Data section>
= Beginning of Section =

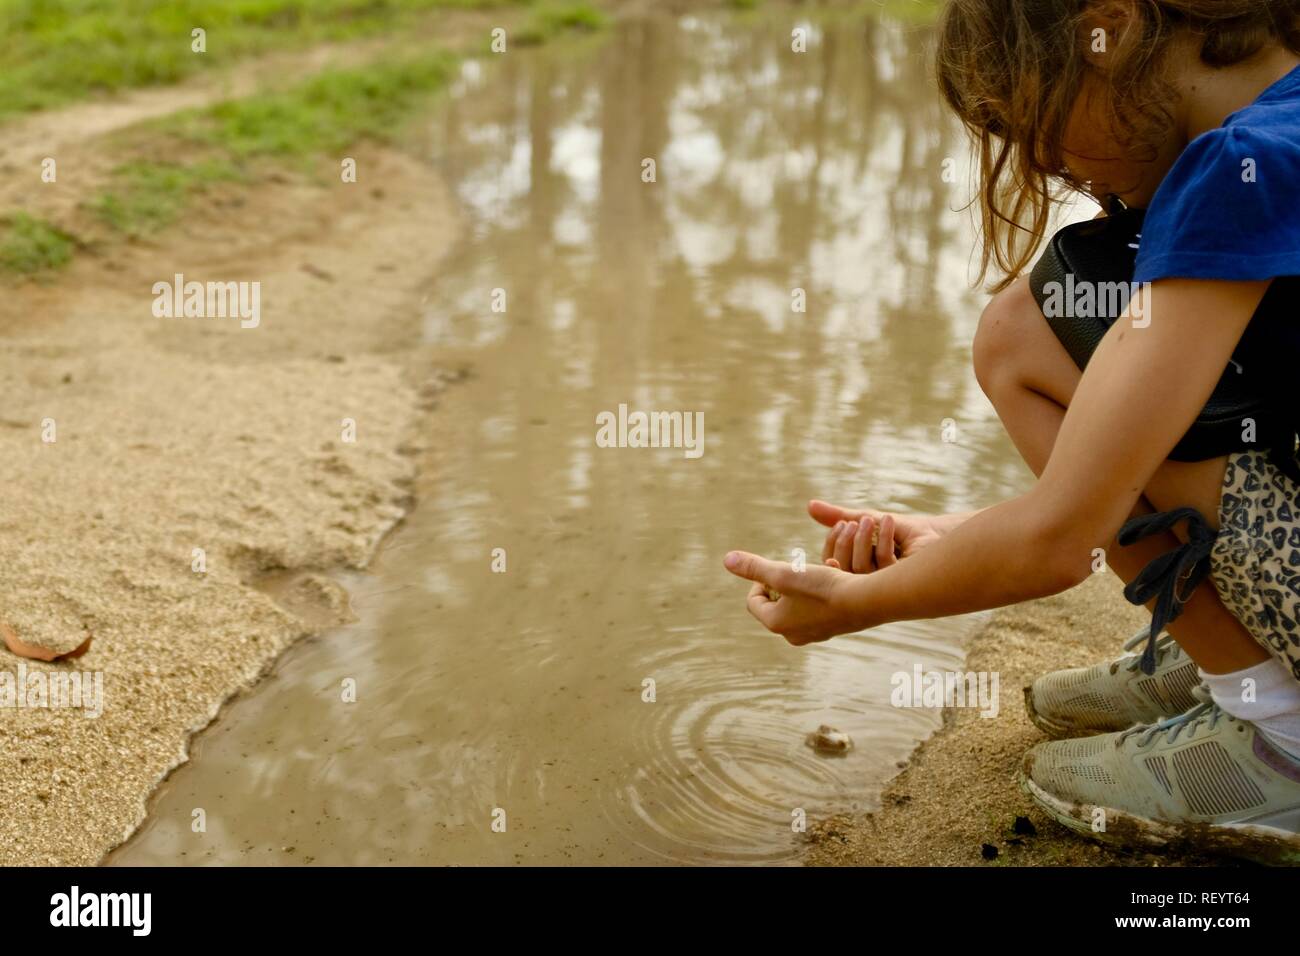 A young girl playing in a muddy puddle on a four wheel drive track through a forest, Mia Mia State Forest, Queensland, Australia Stock Photo
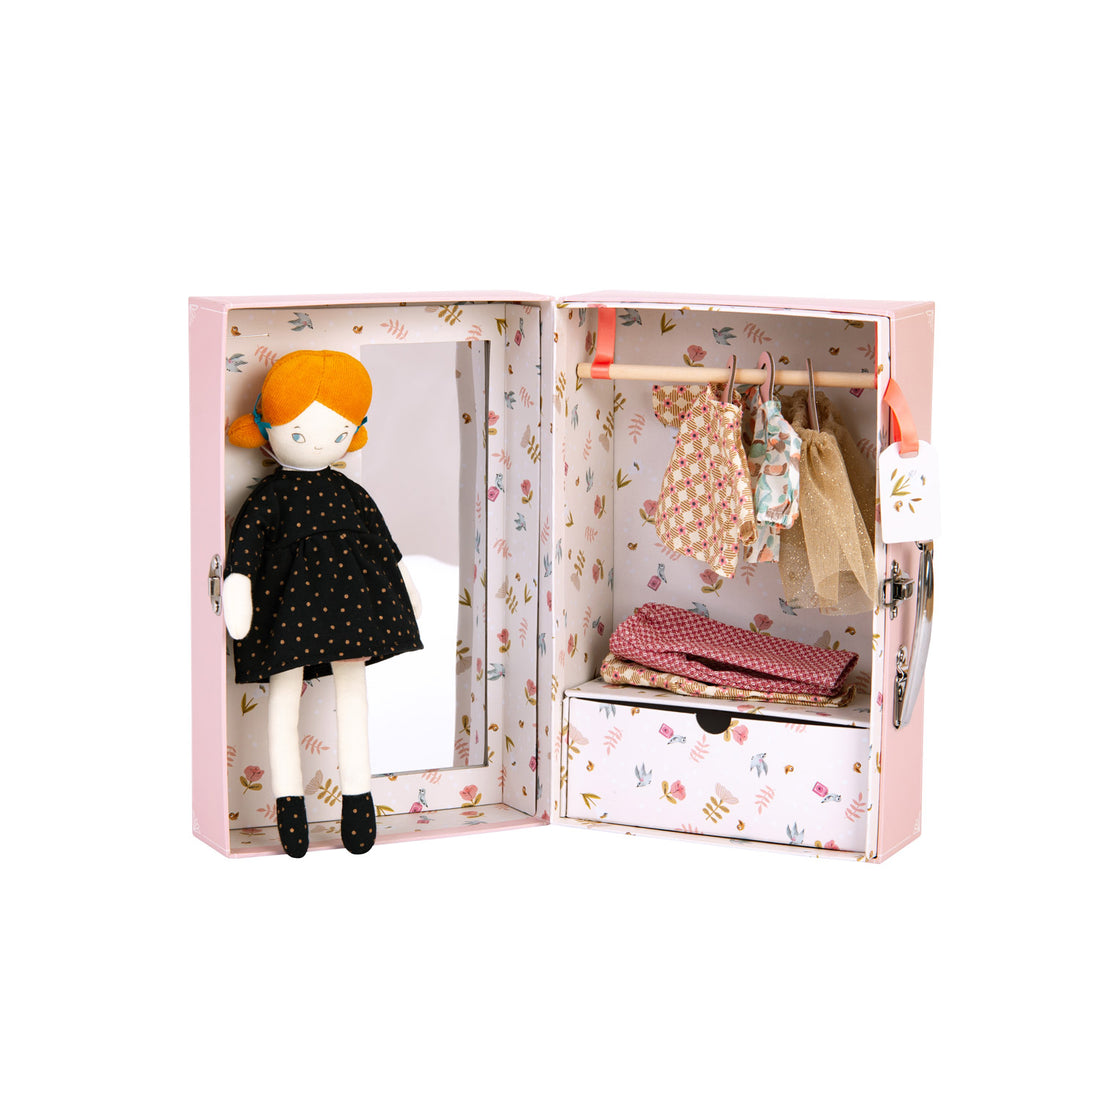 moulin-roty-les-parisiennes-mlle-blanches-little-wardrobe-suitcase-moul-642564
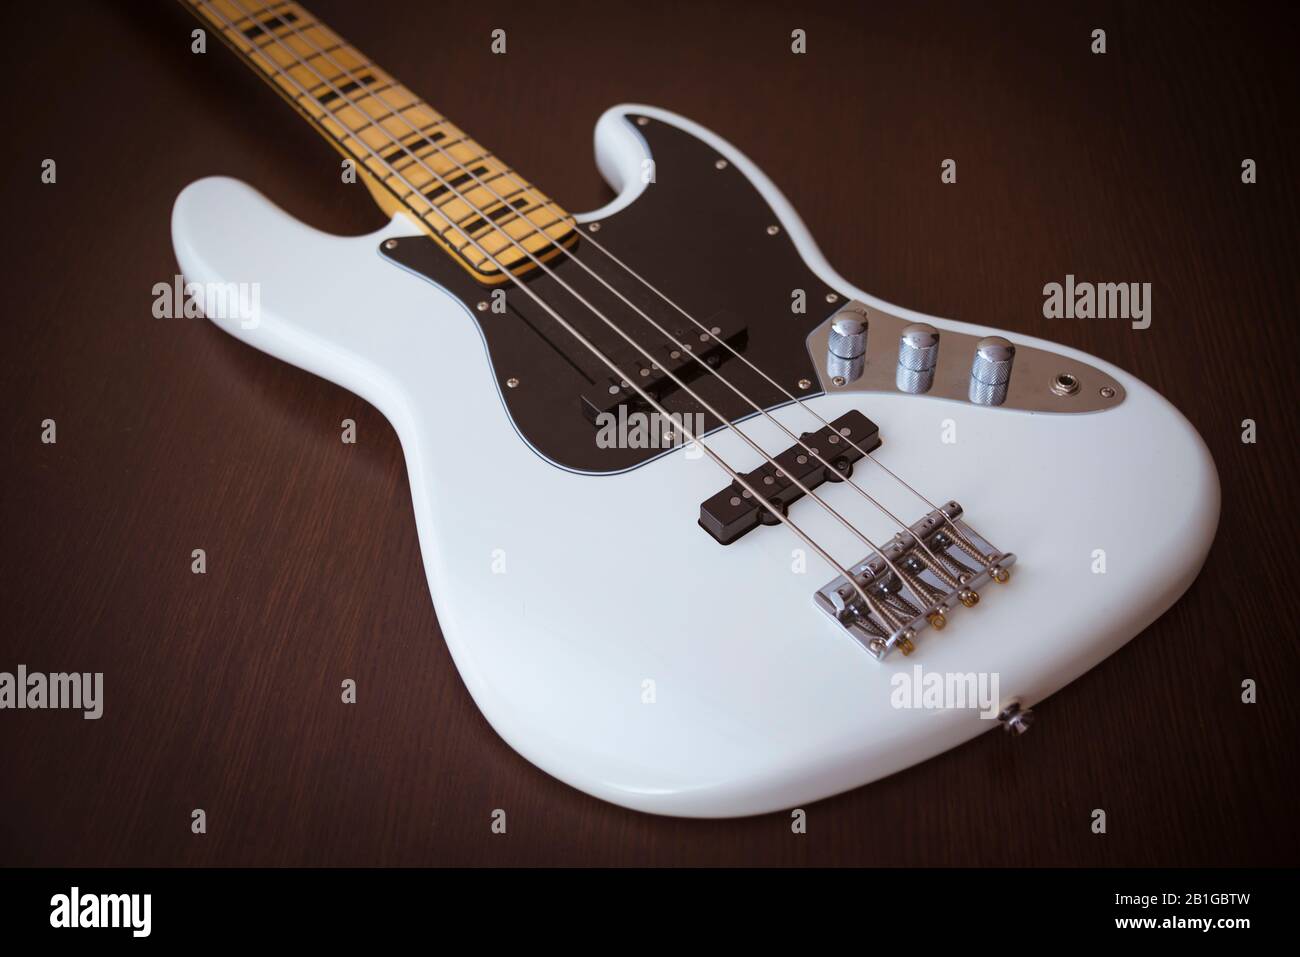 White Electric Bass Guitar with Maple Neck, Black Pickguard, and Black Block Inlays on a Simple Wooden Background Stock Photo

= End of Section =

Task objective>
With the pictures removed, repeat the listing above exactly as it stands.

Result below>
 A young girl playing in a muddy puddle on a four wheel drive track through a forest, Mia Mia State Forest, Queensland, Australia Stock Photo
 moulin-roty-les-parisiennes-mlle-blanches-little-wardrobe-suitcase-moul-642564
 White Electric Bass Guitar with Maple Neck, Black Pickguard, and Black Block Inlays on a Simple Wooden Background Stock Photo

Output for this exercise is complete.